From: Andrew Haley <aph at redhat dot com>
To: Christian BÃhme <monodhs at gmx dot de>
Cc: gcc-help at gcc dot gnu dot org
Date: Mon, 21 Apr 2008 13:55:50 +0100
Subject: Re: Integral conversions in C/C++
References: <10044.4877906286$1208659138@news.gmane.org> <fufp32$ov4$1@ger.gmane.org> <480B6D10.8050500@redhat.com> <fug22n$lp4$1@ger.gmane.org> <480C5E80.1090803@redhat.com> <fui1ss$9i9$1@ger.gmane.org>

Christian BÃhme wrote:
> Andrew Haley wrote:
> 
>> Section 5 Para. 9
> 
> That's talking about _relational_ operators and starts with
> 
> "The usual arithmetic conversions are performed on operands of
>  arithmetic or enumeration type."

No, it isn't.  

ISO/IEC 14882:1998(E)
5 Expressions

9

Many binary operators that expect operands of arithmetic or
enumeration type cause conversions and yield result types in a similar
way. The purpose is to yield a common type, which is also the type of
the result. This pattern is called the usual arithmetic conversions,
which are defined as follows:

- If either operand is of type long double, the other shall be
  converted to long double.

- Otherwise, if either operand is double, the other shall be converted
  to double.

- Otherwise, if either operand is float, the other shall be converted to float. 

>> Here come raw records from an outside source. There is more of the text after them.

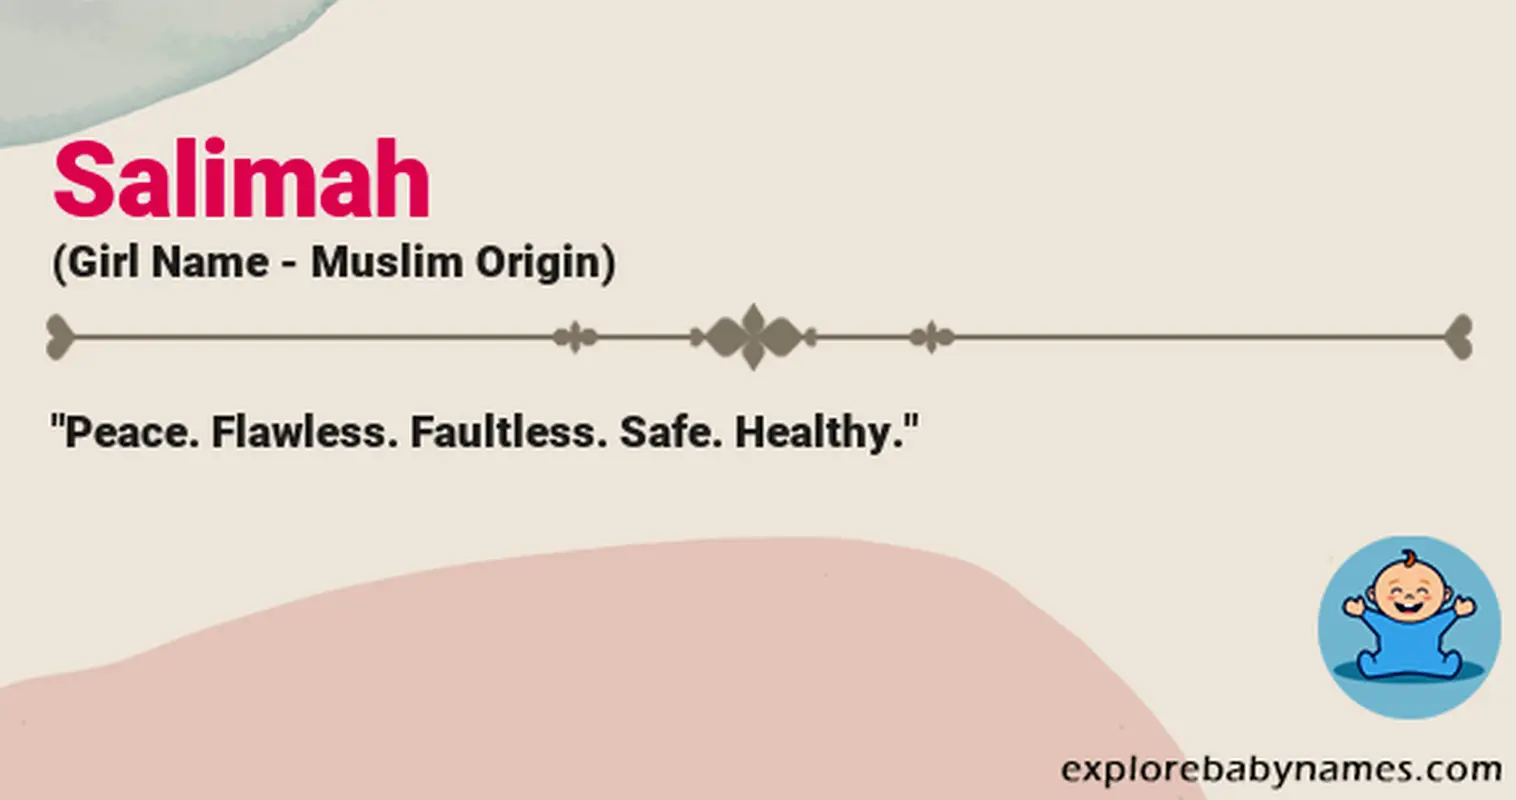 Meaning of Salimah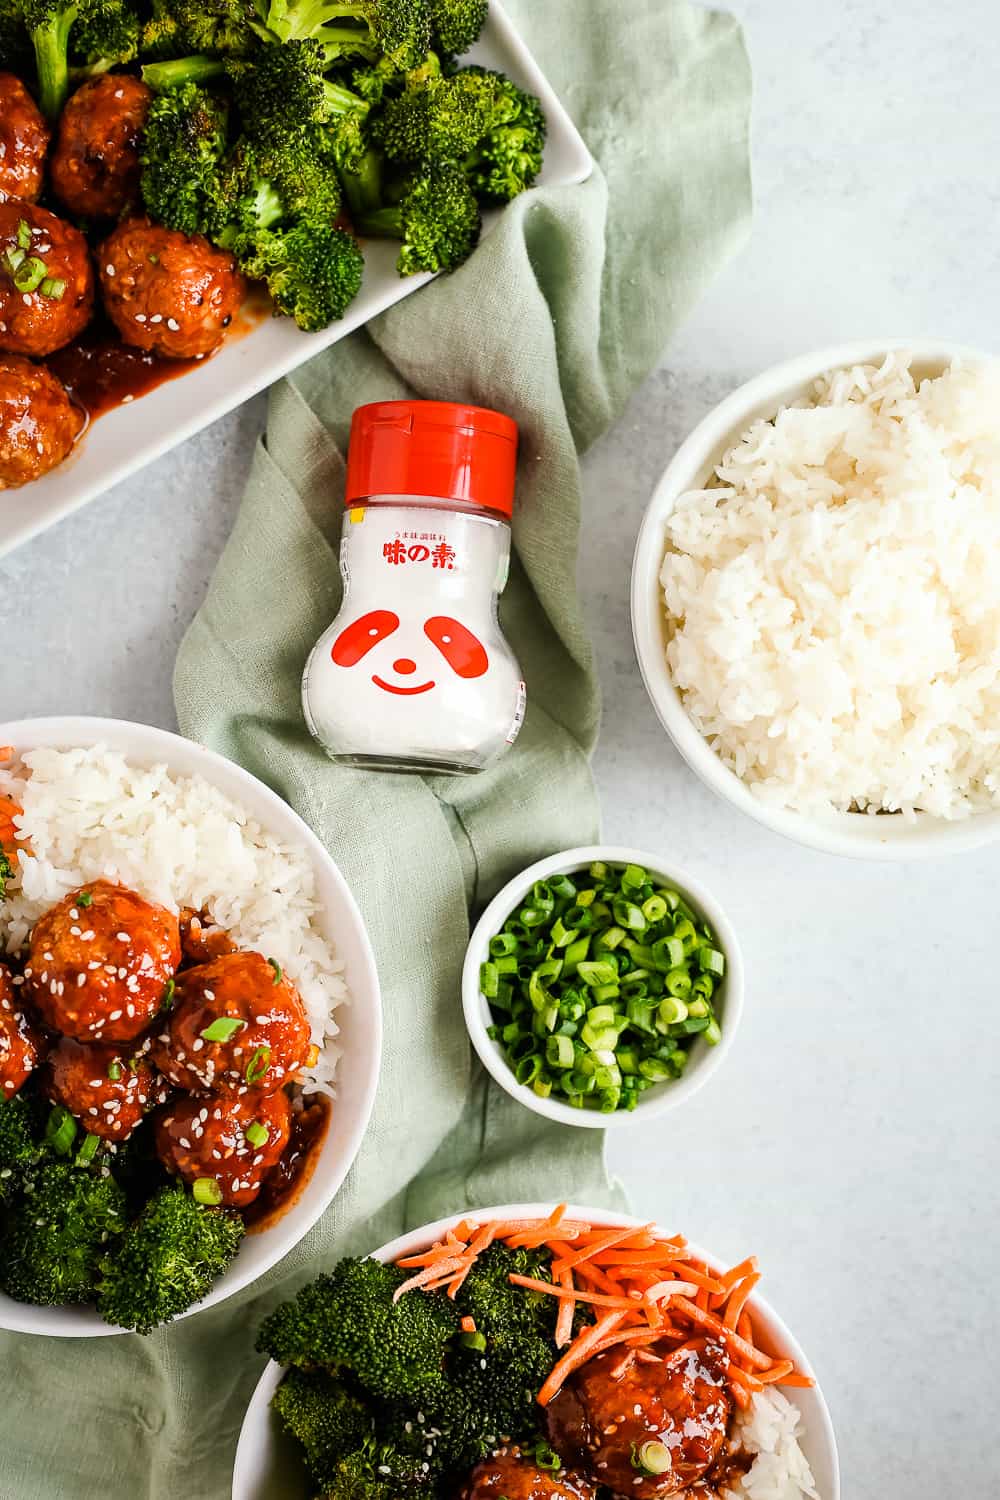 An overhead view of glass shaker of MSG with a red lid on a green linen in between dishes of rice bowls with spicy turkey meatballs and roasted broccoli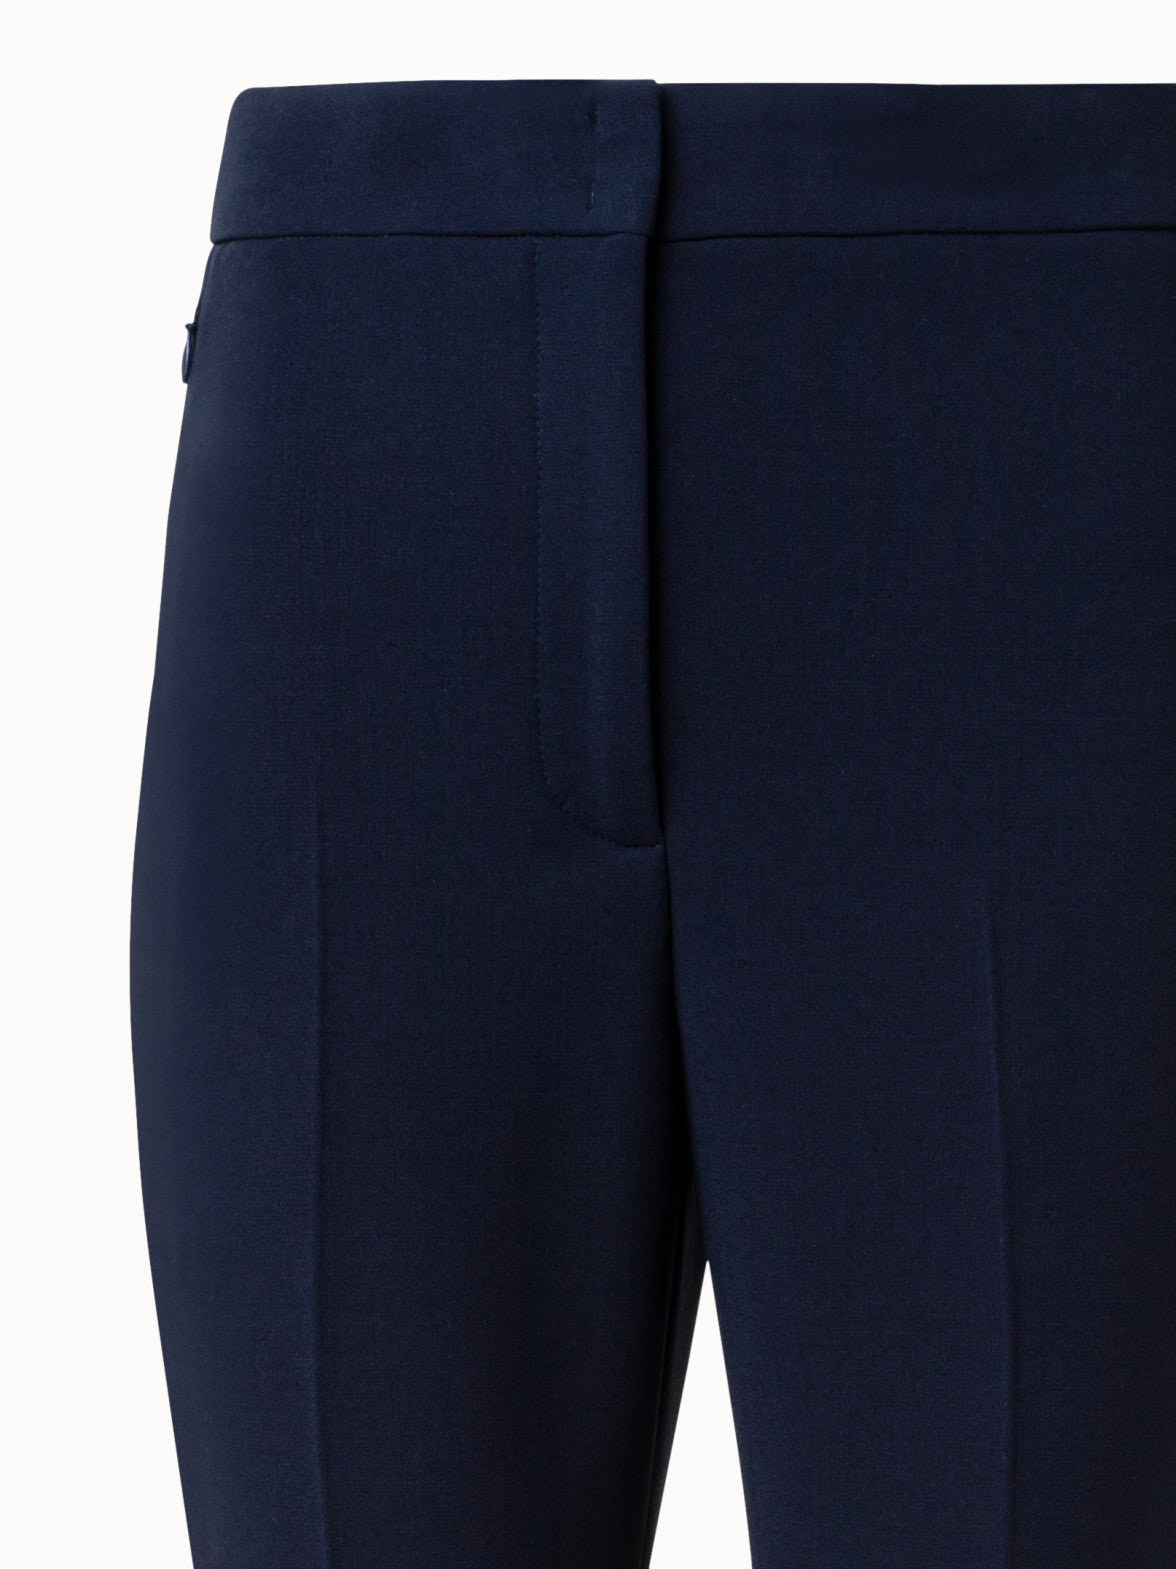 Buy New Womens Navy Stretch Bootleg Trousers

- Otherwise, the integral promotions (4.5) shall be performed on both
  operands.54)

- Then, if either operand is unsigned long the other shall be
  converted to unsigned long.

- Otherwise, if one operand is a long int and the other unsigned int,
  then if a long int can represent all the values of an unsigned int,
  the unsigned int shall be converted to a long int; otherwise both
  operands shall be converted to unsigned long int.

- Otherwise, if either operand is long, the other shall be converted
  to long.

- Otherwise, if either operand is unsigned, the other shall be
  converted to unsigned. [Note: otherwise, the only remaining case is
  that both operands are int ]

> going on about pointer conversions ectpp.  My example did,
> however, neither.  Any more pointers ?
> 
>> and Section 4.5.
> 
> That's "Integral promotions"

Well, yes.  That's what applies here.  The integral promotions
are relevant, because they are *directly* referred to in the
paragraph above.

> vs. 4.7 "Integral conversions" as in the subject of the OP.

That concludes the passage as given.